Checking robustness to typos.

The prediction should be the same if we introduce some typos to the sentence.

We use the same data as from the first example, but with **typos** introduced.

In [19]:
nlp = spacy.load("en_core_web_sm")
pdata = list(nlp.pipe(samples_1.data))

  

In [20]:
from checklist.perturb import Perturb

def test_invariant(data: list, method: callable, wrapped_predict: callable):
    t = Perturb.perturb(data, method)
    print("First sample before and after pertubation:")
    print("\n".join(t.data[0]))
    print("\nSummary:")
    test = INV(**t)
    test.run(wrapped_predict)
    test.summary()

In [21]:
test_invariant(samples_1.data, Perturb.add_typos, wrapped_pp)

First sample before and after pertubation:
Saint Paul is under attack.
Saint Palu is under attack.

Summary:
Predicting 300 examples
Test cases:      150
Fails (rate):    38 (25.3%)

Example fails:
1.0 Fort Wayne is under attack.
0.1 Fort Wayne is under atatck.

----
1.0 North Las Vegas is under attack.
0.1 North Las Vegas is under attakc.

----
1.0 Miami is under attack.
0.1 Miami is under atatck.

----


### There is a 25% fail rate when introducing typos to the sentence.

### This is not surprising as the model is not trained on these particular typos and it's not easy to achieve robustness with respect to typos.

# Directional Expectation tests <a name='bookmark3' />

A Directional Expectation test (DIR) is just like an INV, in the sense that we apply a perturbation to existing inputs. However, instead of expecting invariance, we expect the model to behave in a some specified way.

Here we just add a phrase "a fire then broke out." to the end of the sentences.

After this perturbation we expect that probabilty of positive class should NOT go down since this particular phrase indicates some kind of 'disaster'.

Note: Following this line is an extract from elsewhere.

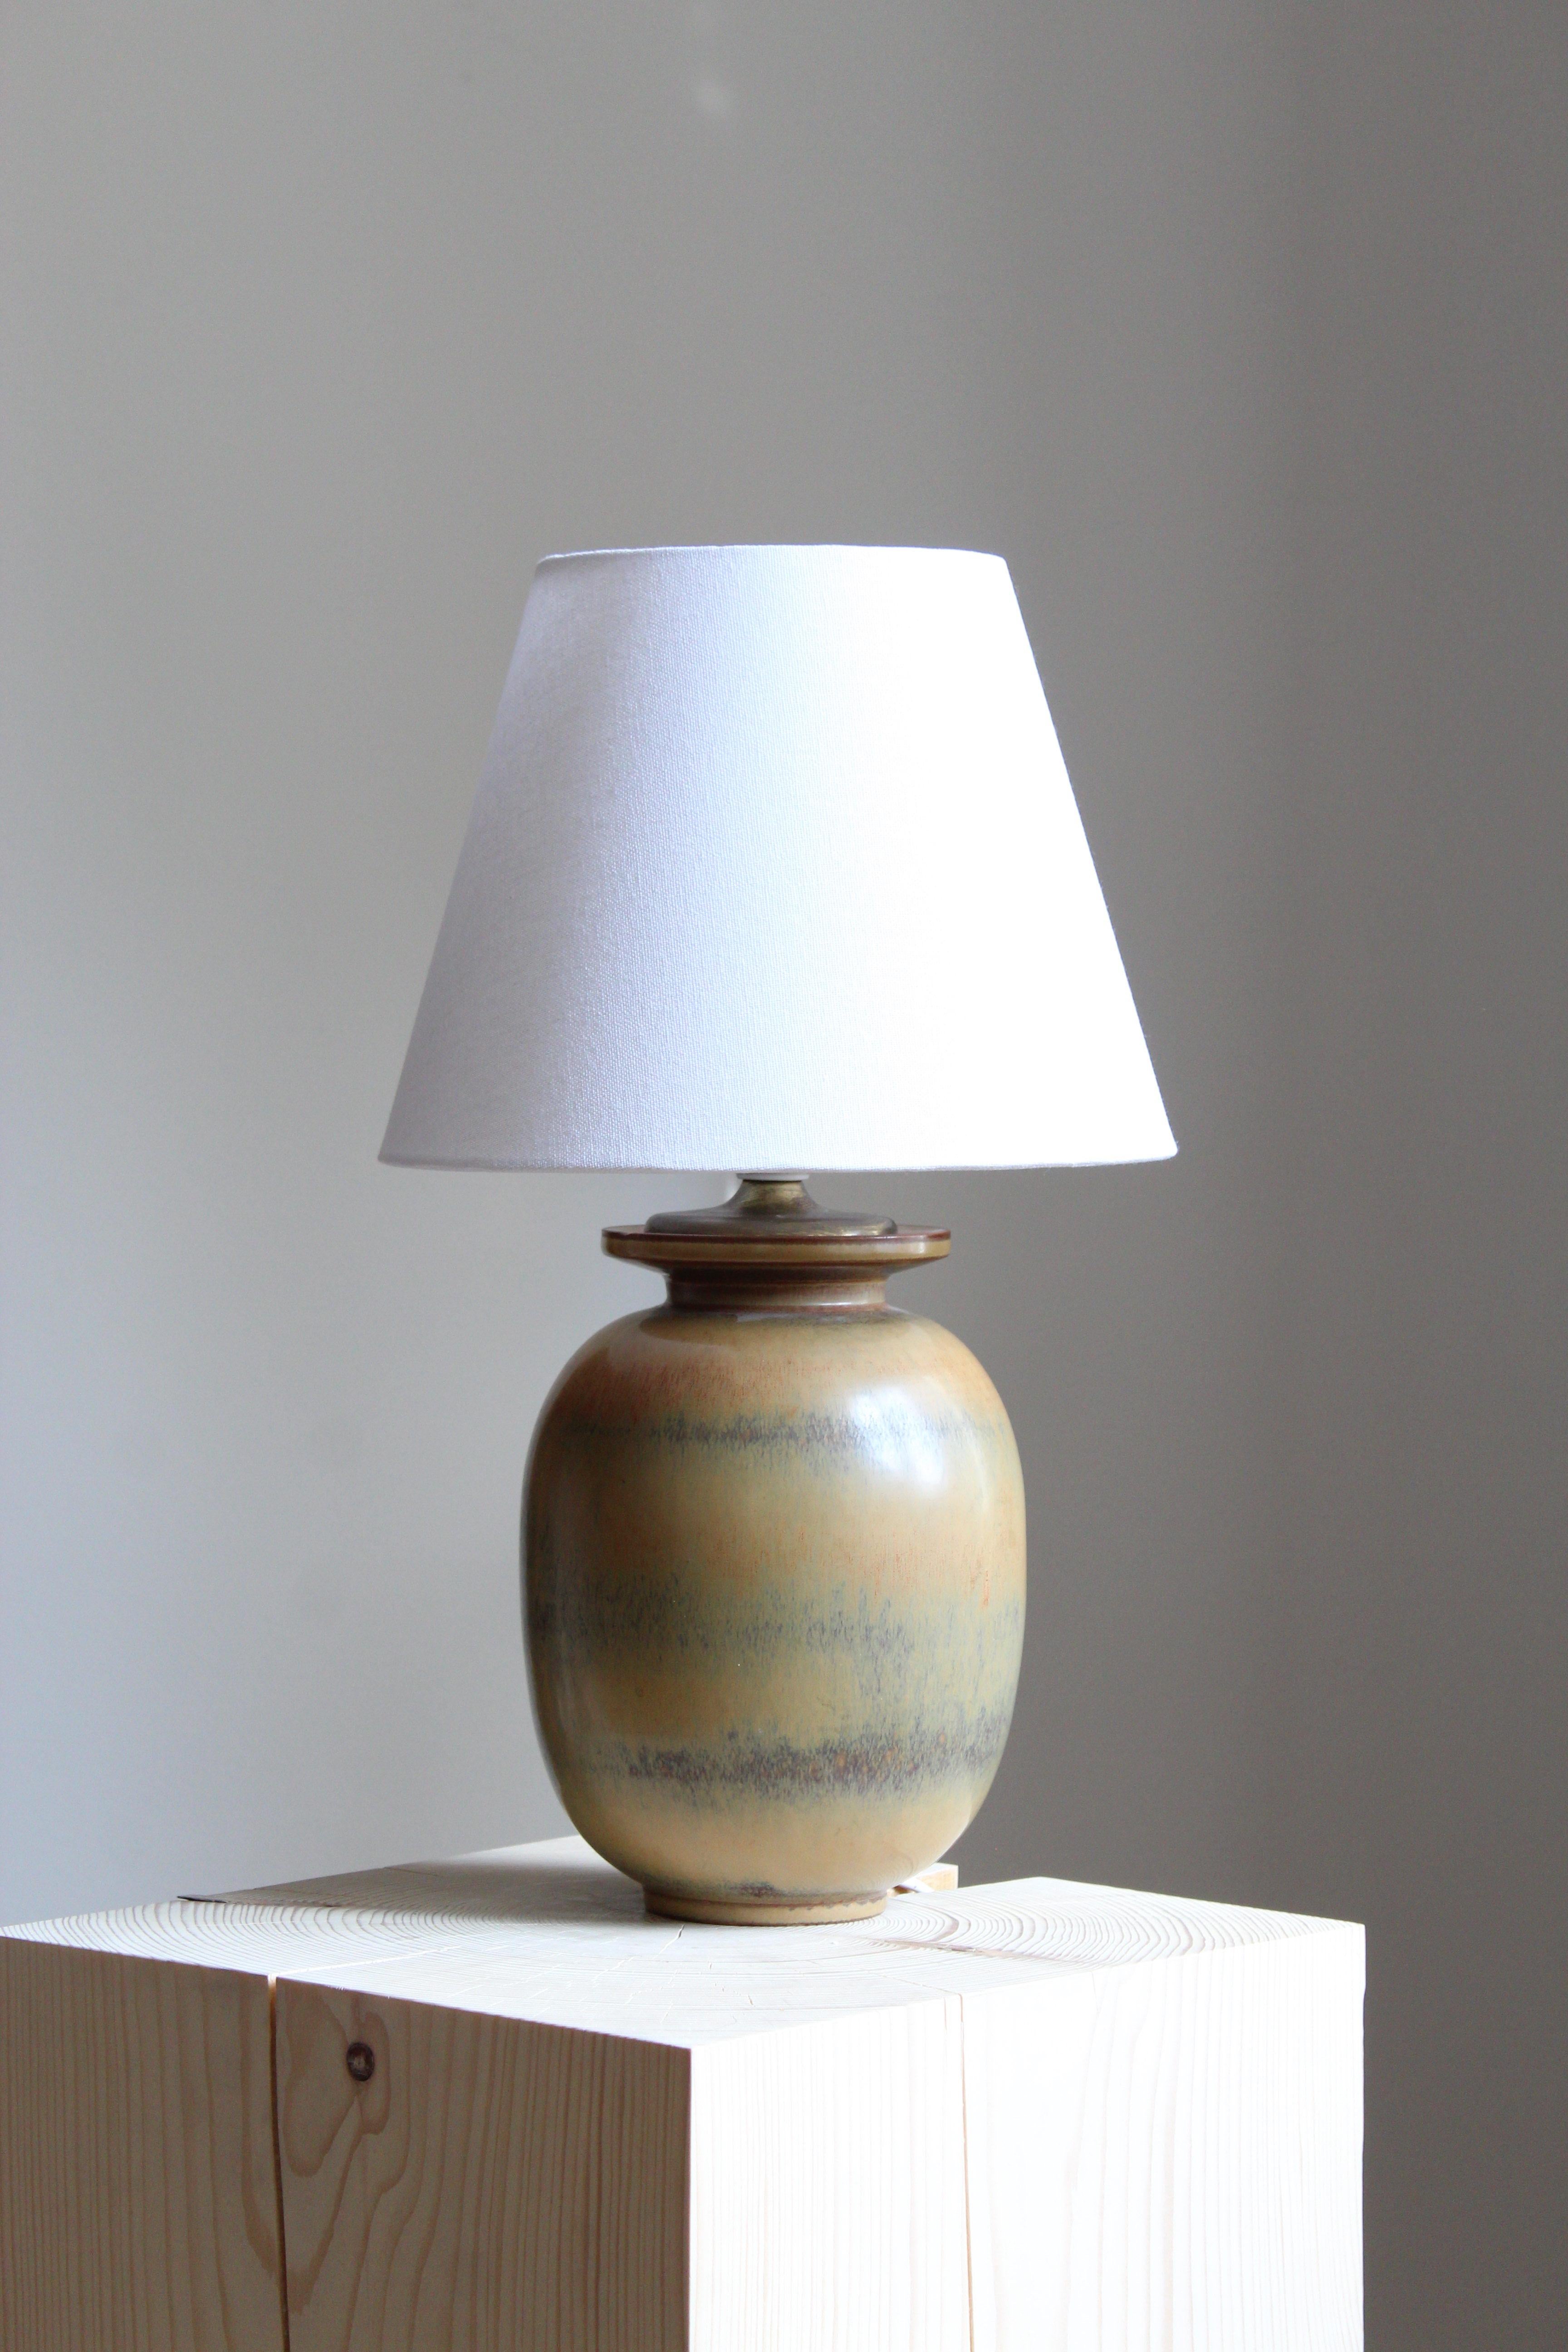 A table lamp produced by Rörstrand, Sweden, 1940s. Designed and signed by Gunnar Nylund, (Swedish, 1914-1997). Factory second

Nylund served as artistic director at Rörstrand, where he worked, 1931-1955. Prior to his work at Rörstrand he was a

Here we don't have to generate new data, we can just use existing data and just add the phrase at the end.







In [31]:
def add_fire_phrase(x: str):
    phrases = ['A fire then broke out.']
    return ['%s %s' % (x, p) for p in phrases]

In [32]:
test_data = list(pd.read_csv("data/test.csv")['text'][:100])

In [33]:
test_data[:3]

['Just happened a terrible car crash',
 'Heard about #earthquake is different cities, stay safe everyone.',
 'there is a forest fire at spot pond, geese are fleeing across the street, I cannot save them all']

In [34]:
from checklist.expect import Expect

In [35]:
monotonic_decreasing = Expect.monotonic(label=1, increasing=True, tolerance=0.1)

In [36]:
t = Perturb.perturb(test_data, add_fire_phrase)
test = DIR(**t, expect=monotonic_decreasing)

In [37]:
test.run(wrapped_pp)
test.summary()

Predicting 200 examples
Test cases:      100
After filtering: 46 (46.0%)
Fails (rate):    0 (0.0%)


### 100 % success rate for DIR

## Conclusion <a name='bookmark4' />

- 93% Failure rate for the second MFT test. More training data needed for the model to understand nuance regarding "nuclear".

- 25% Failure rate when typos are introduced. This is a difficult problem to solve as there can be lot of ways to misspell.

- Model performs well in DIR.